After the shock of 9/11, there was no legal, military, or political blueprint for confronting a new enemy that rejected all the traditional rules of war. By the time I left office, we had put in place a system of effective counterterrorism programs based on a solid legal and legislative footing.

Of course, there are things I wish had come out differently. I am frustrated that the military tribunals moved so slowly. Even after the Military Commissions Act was passed, another lawsuit delayed the process again. By the time I left office, we had held only two trials.

The difficulty of conducting trials made it harder to meet a goal I had set early in my second term: closing the prison at Guantanamo in a responsible way. While I believe opening Guantanamo after 9/11 was necessary, the detention facility had become a propaganda tool for our enemies and a distraction for our allies. I worked to find a way to close the prison without compromising security. By the time I left office, the number of detainees at Guantanamo had dropped from nearly 800 to fewer than 250. My hope is that many of those remaining will stand trial for their crimes. Some of the hardened, dangerous terrorists at Guantanamo may be very difficult to try. I knew that if I released them and they killed Americans, the blood would be on my hands. Deciding how to handle them is the toughest part of closing Guantanamo.

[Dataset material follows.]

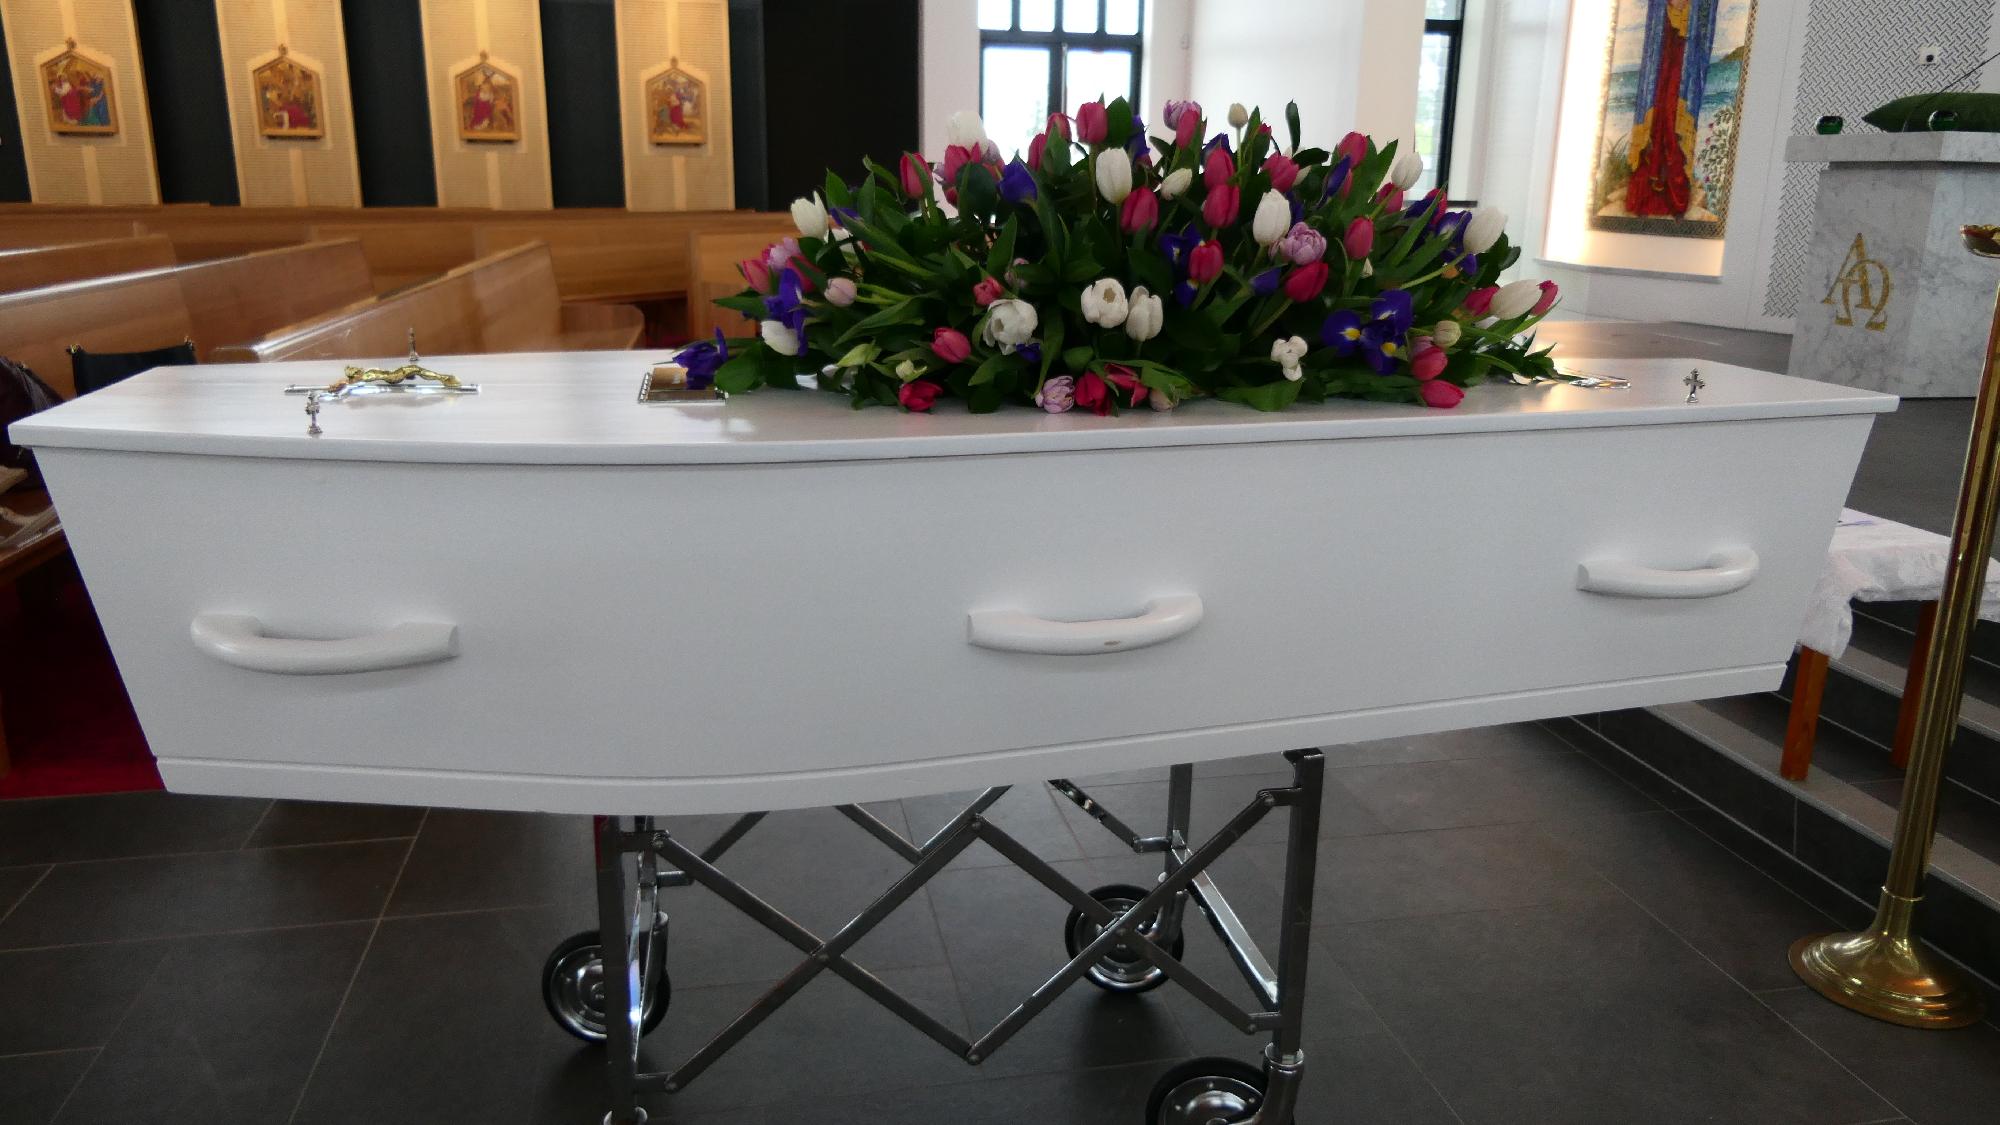 Digitálisan felélesztett halottak: sikeres gyászfeldolgozás vagy morbid megoldás?

In retrospect, I probably could have avoided some of the controversy and legal setbacks by seeking legislation on military tribunals, the TSP, and the CIA enhanced interrogation program as soon as they were created. If members of Congress had been required to make their decisions at the same time I did—in the immediate aftermath of 9/11—I am confident they would have overwhelmingly approved everything we requested. Yet in the case of the TSP and the CIA program, the risk of exposing operational details to the enemy was one I could not take until we had a better handle on the security situation.